Tom Cruise stars as Major William Cage of the United Defense Force, who is involved in the public relations side of an ongoing war with the Mimics, and alien race bent on destroying humanity. After a spat with General Brigham (Brendan Gleeson), Cage is demoted to private and is sent off to England as a ground troop in a large scale invasion against the enemy. The invasion proves disastrous, and Cage perishes while killing an unusually large mimic nicknamed an “alpha.” The killing of this alpha traps Cage in a time loop. In one of the loops, he meets Sergeant Rita Vrataski (Emily Blunt), who has experienced a similar fate before, and helps Cage hone his abilities as a fighter. However, each time Cage dies, everything resets, including the memories of everyone around him.

While Cruise headlines the movie, in reality, the film belongs completely to Blunt. She completely steals the show with her portrayal of Vrataski, though I’m torn as to the gender roles portrayed in the film. On the one hand, Vrataski is portrayed as a highly capable soldier, who is far superior in combat skills to Cage in the early part of the film. She is the one who needs to train and protect a clumsy and mostly inept Cage. On the battlefield, she is ruthless and calculating in her utter dismantling of the enemy, in sharp contrast to societal ideals of women being too fragile for war. But Vrataski still reminds me of Trinity from the Matrix. Though Trinity was Neo’s superior in both rank and combat skills in the beginning of the trilogy, she ultimately played a back seat to Neo in becoming the “chosen one” to save the human race. Vrataski is at her core essentially the same character, and plays second fiddle to Cage’s abilities by the end. Her character seems to be the new paradigm for feminism in Hollywood: Appease women by scripting strong female leads, but ultimately make the male character superior by movie’s end.
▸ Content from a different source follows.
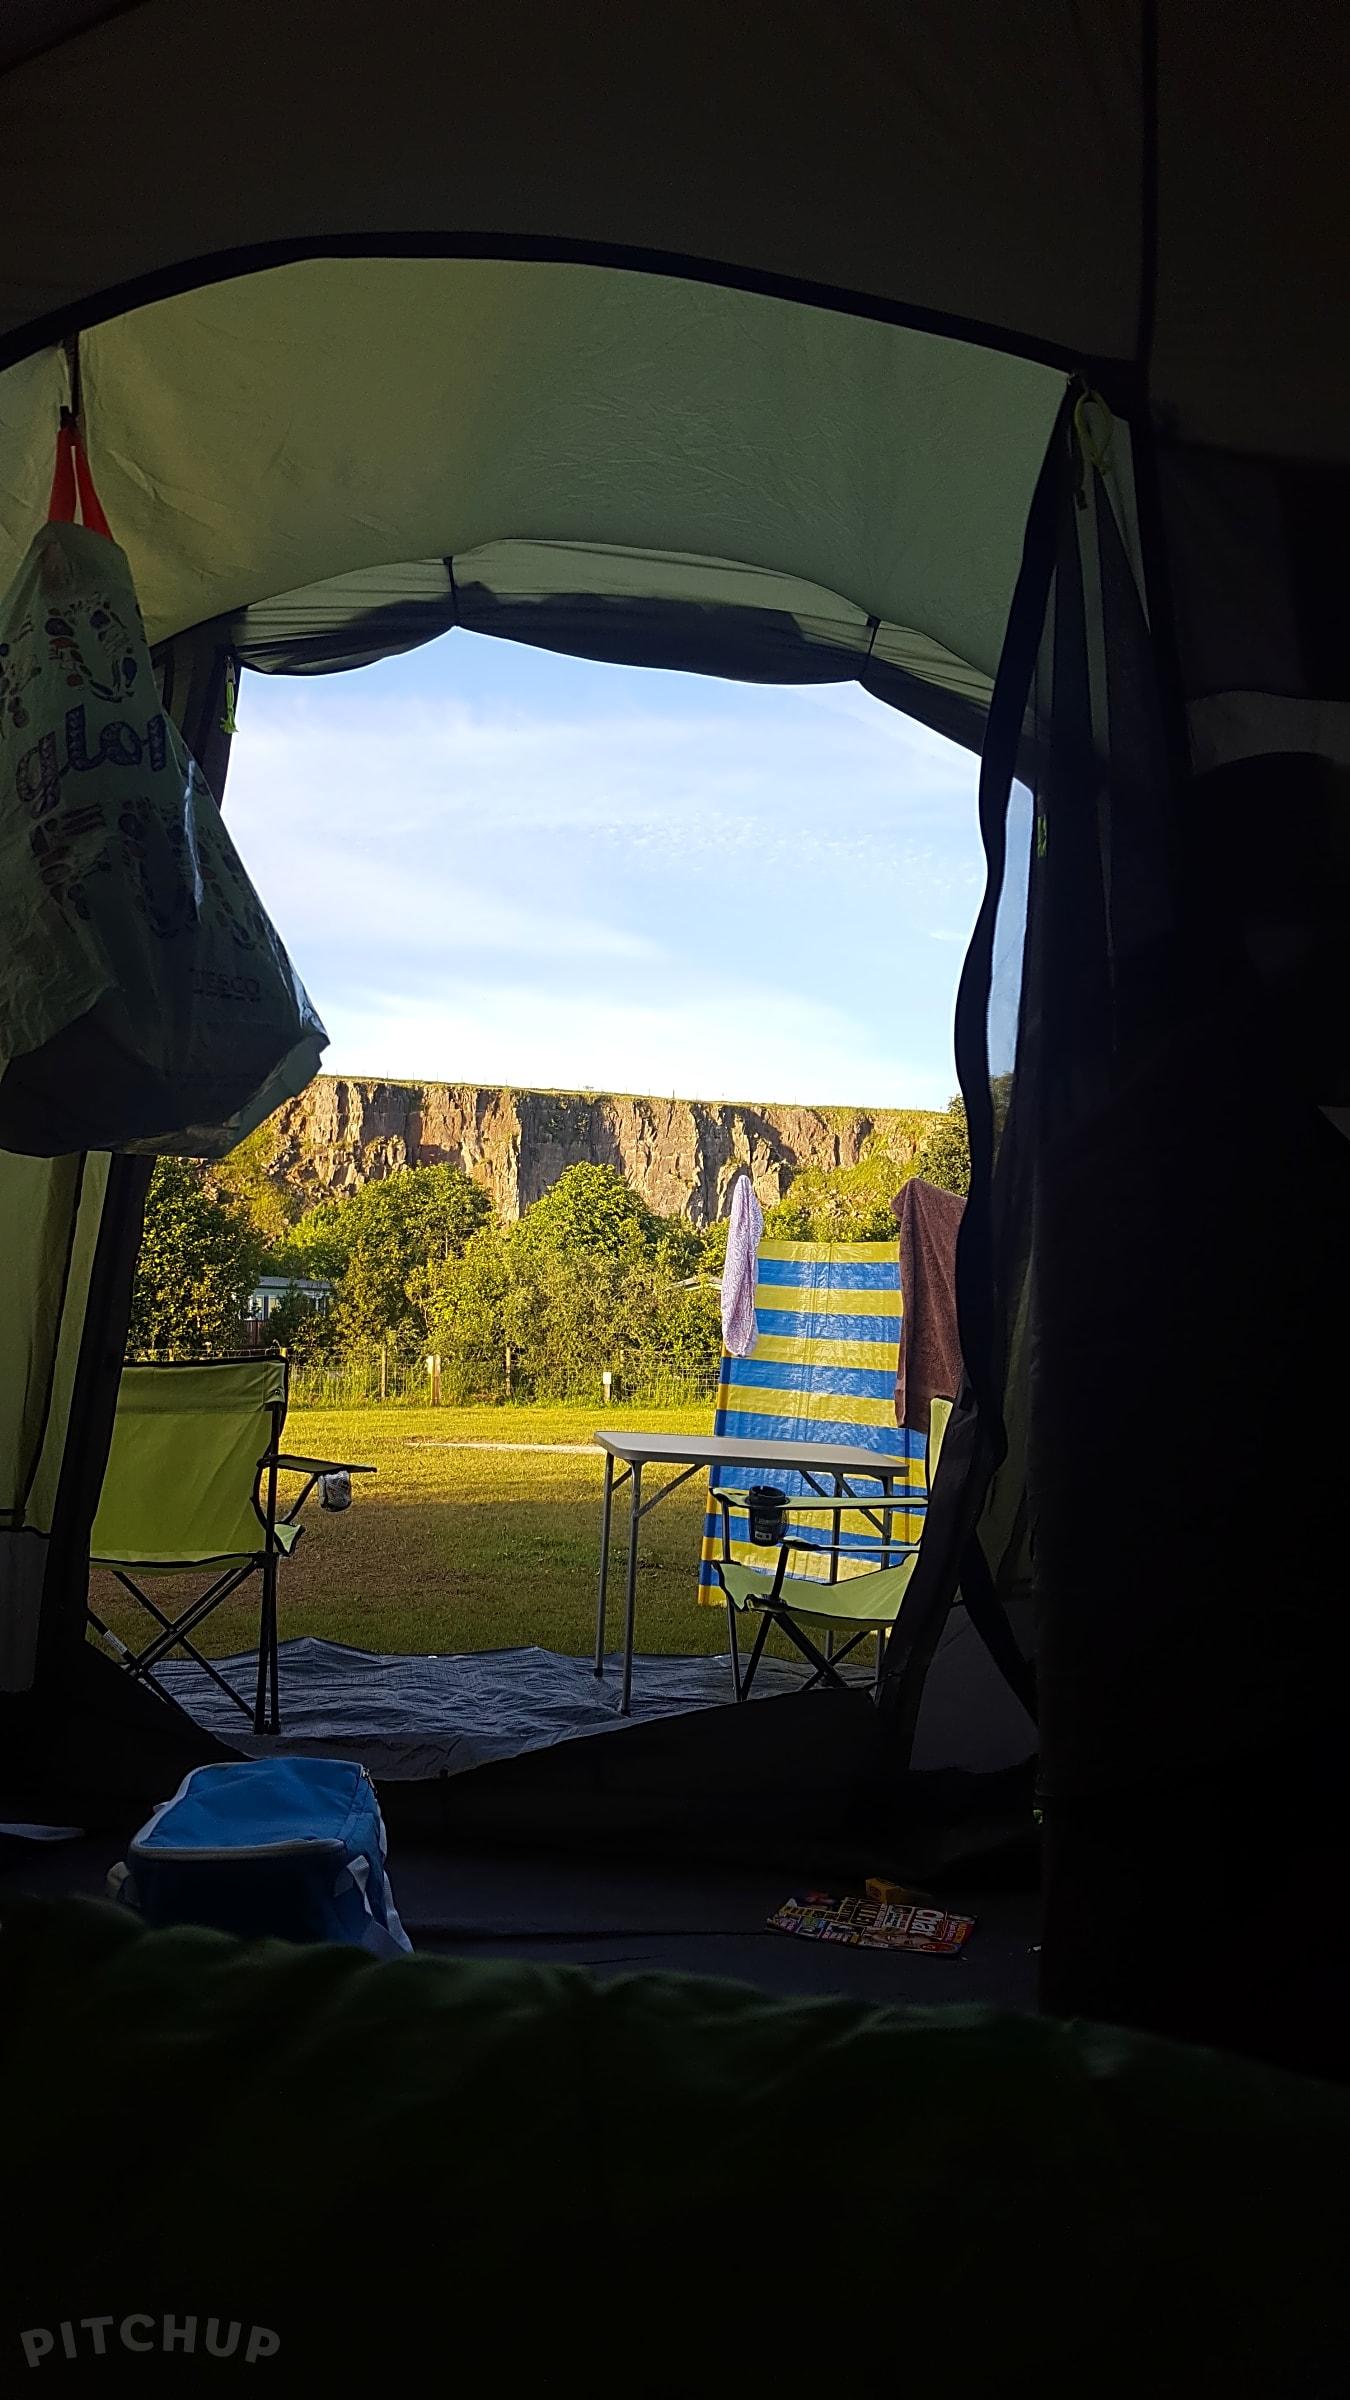 Rivendale Caravan and Leisure Park, Ashbourne - Pitchup®
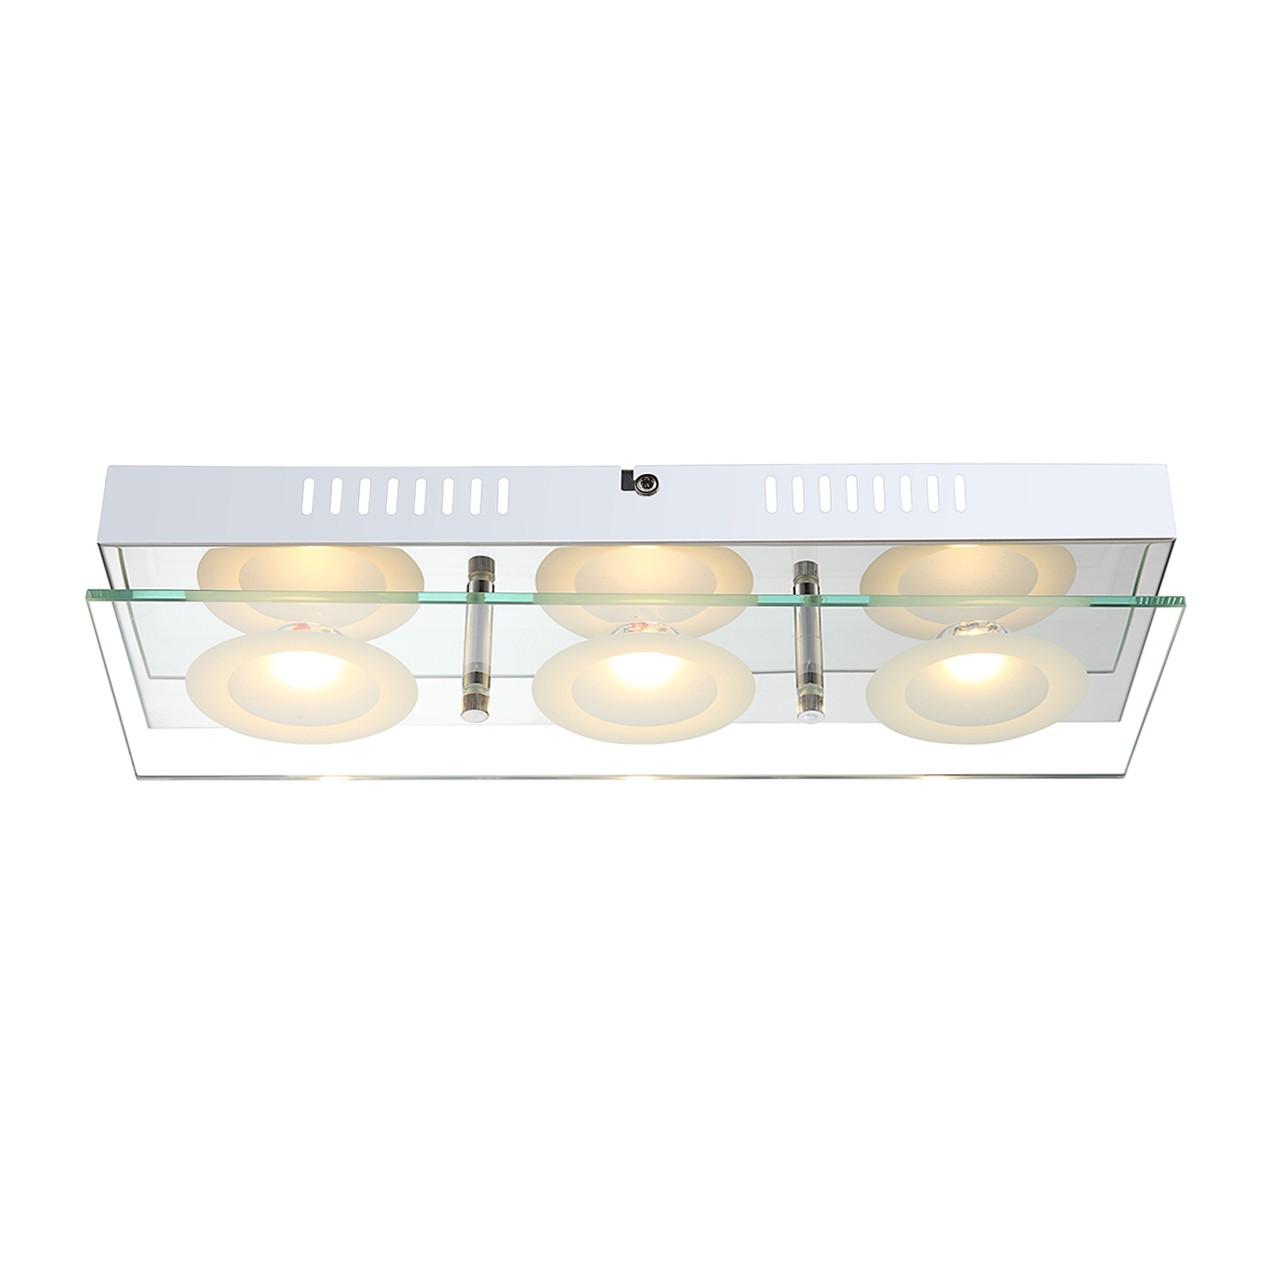 LED-Wandleuchte Oda 3-flammig

I was also puzzled by the decision to have Vrataski kiss Cage near the conclusion of the film. At that point, Vrataski had only known Cage for roughly 36 hours and had no memory of any of the other loops. If anyone was to make the first move, it would obviously be Cage, who had developed feelings for Vrataski over the many loops he had remembered. The kiss also seems completely out of character for Vrataski, who up until that point is portrayed as a grizzled soldier. That is not to say that Vrataski didn’t have another side to her, but nothing up until that point suggested she would do otherwise. Perhaps one day, a film will portray the female lead in a truly feminist light.

Before I had seen the movie, I read the book it is based off of, All You Need Is Kill by Hiroshi Sakurazaka. The movie for the most part stays true to the book, although I was disappointed with Hollywood’s rewrite of the conclusion. Sakurazaka’s ending was significantly more dark, but falls more in line with what we consider when we think of war. In that version, the main character Keiji Kiriya discovers he has to also kill Vrataski in order to end the loop. The idea of only one person realizing the recurrence of time is a lonely notion. That notion can be even more isolating when you kill the only person who can sympathize with you. Edge of Tomorrow softens and sugar coats this more edgy ending and ends up with fluff.

That isn’t to say that the plot didn’t have its strong points. The danger with movies that loop like this is that the story can get repetitive and stale quickly. But the loops are kept fresh enough with each reset and the plot is pushed along at the right pace. Better yet, the brilliantly executed action scenes are done within the context of the movie instead of being needlessly over the top. The plot is simple enough to absorb quickly yet complex enough to keep us engaged. And for those of you who aren’t fans of Cruise, another benefit to the movie is that he dies at least 20 times throughout the film.